From 1961 to 1974 he was chief of the Department of Plant Pathology of United. (Although Luis Sequeira visited, asked to work for him, and was indeed hired, he would end up never working for Stover and instead found something more interesting at another UF division elsewhere.) During this time Stover became interested in Mycosphaerella musicola/Sigatoka leaf spot, and then its congener M. fijiensis/black sigatoka when it arrived in the Americas. Briefly in 1969 and 1970 he was on the governing board of the College of Agricultural Science Professionals of Honduras and was one of the founding members of the board of trustees of the International Network for the Improvement of Banana and Plantain, part of CGIAR.

In 1975 Stover was made director of both United Fruit's and the newly formed United Brands-SIATSA's Divisions of Tropical Research.

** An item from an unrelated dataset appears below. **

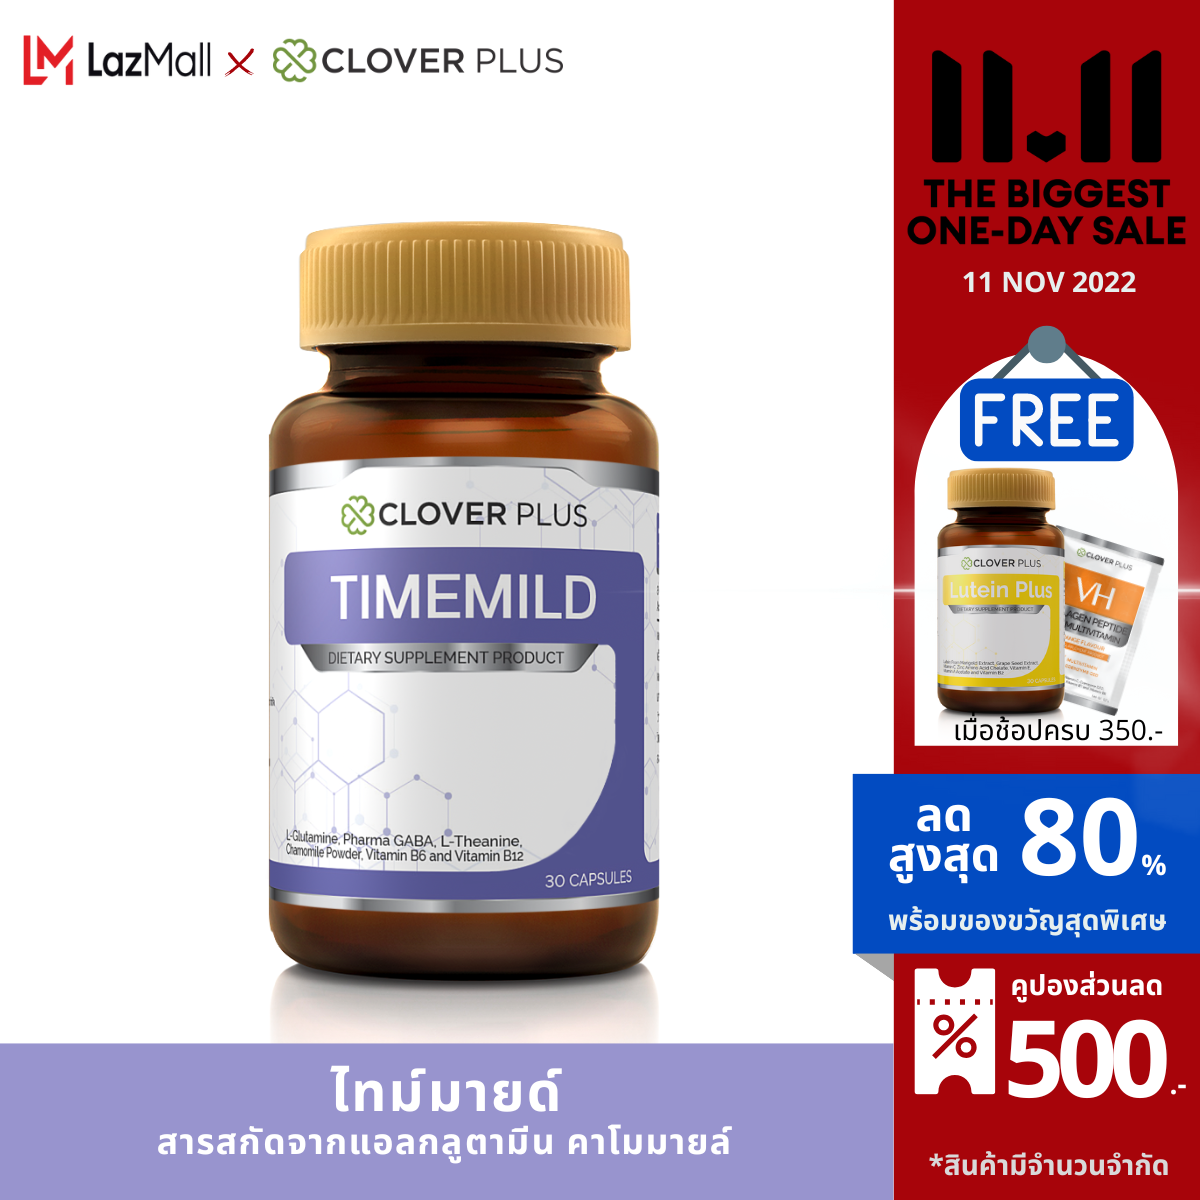 Clover Plus Timemild ไทม์มายด์ อาหารเสริมเพื่อการนอนหลับ แอล-กลูตามีน มีส่วนผสมของดอก คาโมมายล์ (30แคปซูล) (อาหารเสริม)

He continued at UF's DTR until 1977, and UB's DTR until 1984 when he joined a non-profit institution newly created by UB's donation of their facilities. This was the Honduras Foundation for Agricultural Research (Fundación Hondureña de Investigación Agrícola, FHIA). Also in 1977, he was made a Fellow the American Phytopathological Society, and in 1983 he was awarded the Award for Contributions to Banana Research by the ACORBAT (the Asociación para la Cooperación en Investigaciones de Banano en el Caribe y en América Tropical). He then "retired" the next year to become a consultant for a large number of banana growers, agrochemical companies, and government agencies throughout Latin America but also in Africa, Australia, and Asia. Also in 1985 he received the Gold Medal of COLPROCAH (the College of Agricultural Science Professionals of Honduras) and the Medal of Honor for Merit of the University of San Pedro Sula.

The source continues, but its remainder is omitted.